Buying shares in U.S. farmland funds is another option. Average-sized farms (420 acres) now cost $1 million or more to buy, says Shonda Warner, owner of Chess Ag Full Harvest Partners with offices in Dakota Dunes, S.D., and Clarksdale, Miss. And so investors can pool their money and buy more land. Chess Ag owns 50,000 acres, and its return has been 17 percent annually for the past five years, she says.
However, bring deep pockets. The minimum investment at Chess Ag is $250,000, Warner says.
Buying raw farmland is not for the faint of heart. Witness the extreme droughts that wreaked havoc with farmers’ output in 2012. Still, the payoff has historically been handsome. Farmland generated a 15.16 percent total return in 2011, according to the National Council of Real Estate Investment Fiduciaries in Chicago. In contrast, the Standard & Poor’s 500 index was flat for the year.
“It’s a low-risk investment that nobody can steal,” says Glen Fladeboe, co-owner of Minneapolis-based Fladeboe Auctions.
Farmland prices vary by region, with land parcels in Illinois, Iowa and Minnesota among the most sought after, Fladeboe says. Most parcels are 80 to 100 acres.

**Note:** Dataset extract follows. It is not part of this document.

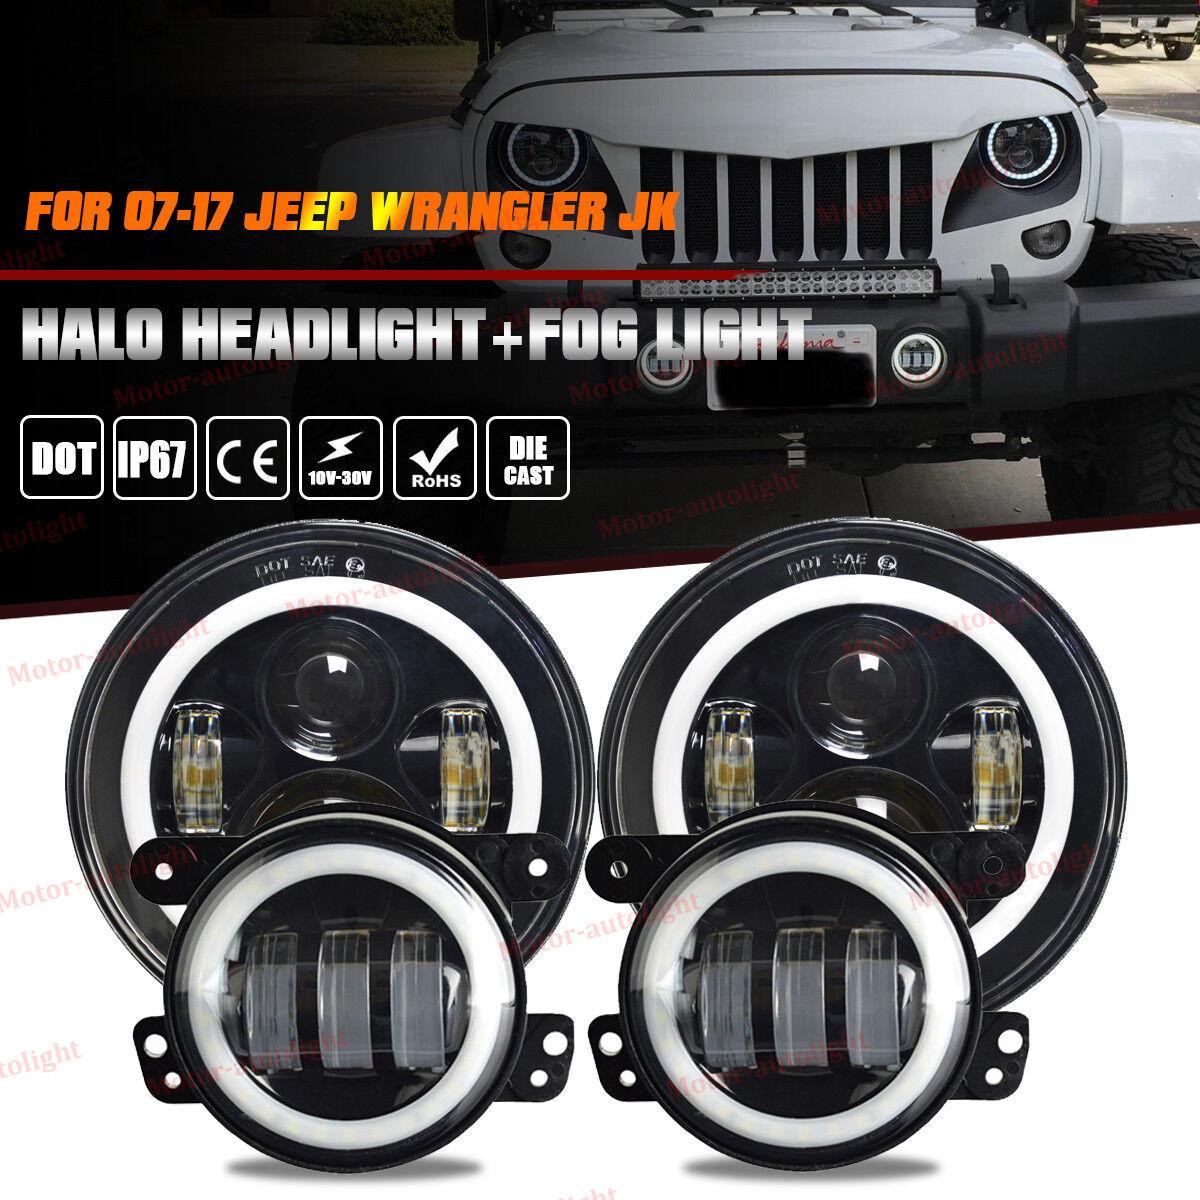 Jeep Halo Headlights >> Details About For Jeep Wrangler Jk 7 Led Halo Headlight Fog Lights Combo Kit 07 17 Light Bulb

Typically, buyers are farmers who want to expand, but investors are playing an increasingly larger role, he says. They can attend farmland auctions and bid on land. All they have to do is register and bring a down payment.
“Almost every bank offers farm loans, too,” Fladeboe says. “It’s a good place to put money.”
But don’t expect great deals. For example, Minnesota farmland sells for $7,000 to $11,000 per acre, versus $2,500 to $4,000 five years ago, Fladeboe says. “Most professionals don’t see a price downturn anytime soon,” because global demand for food keeps climbing.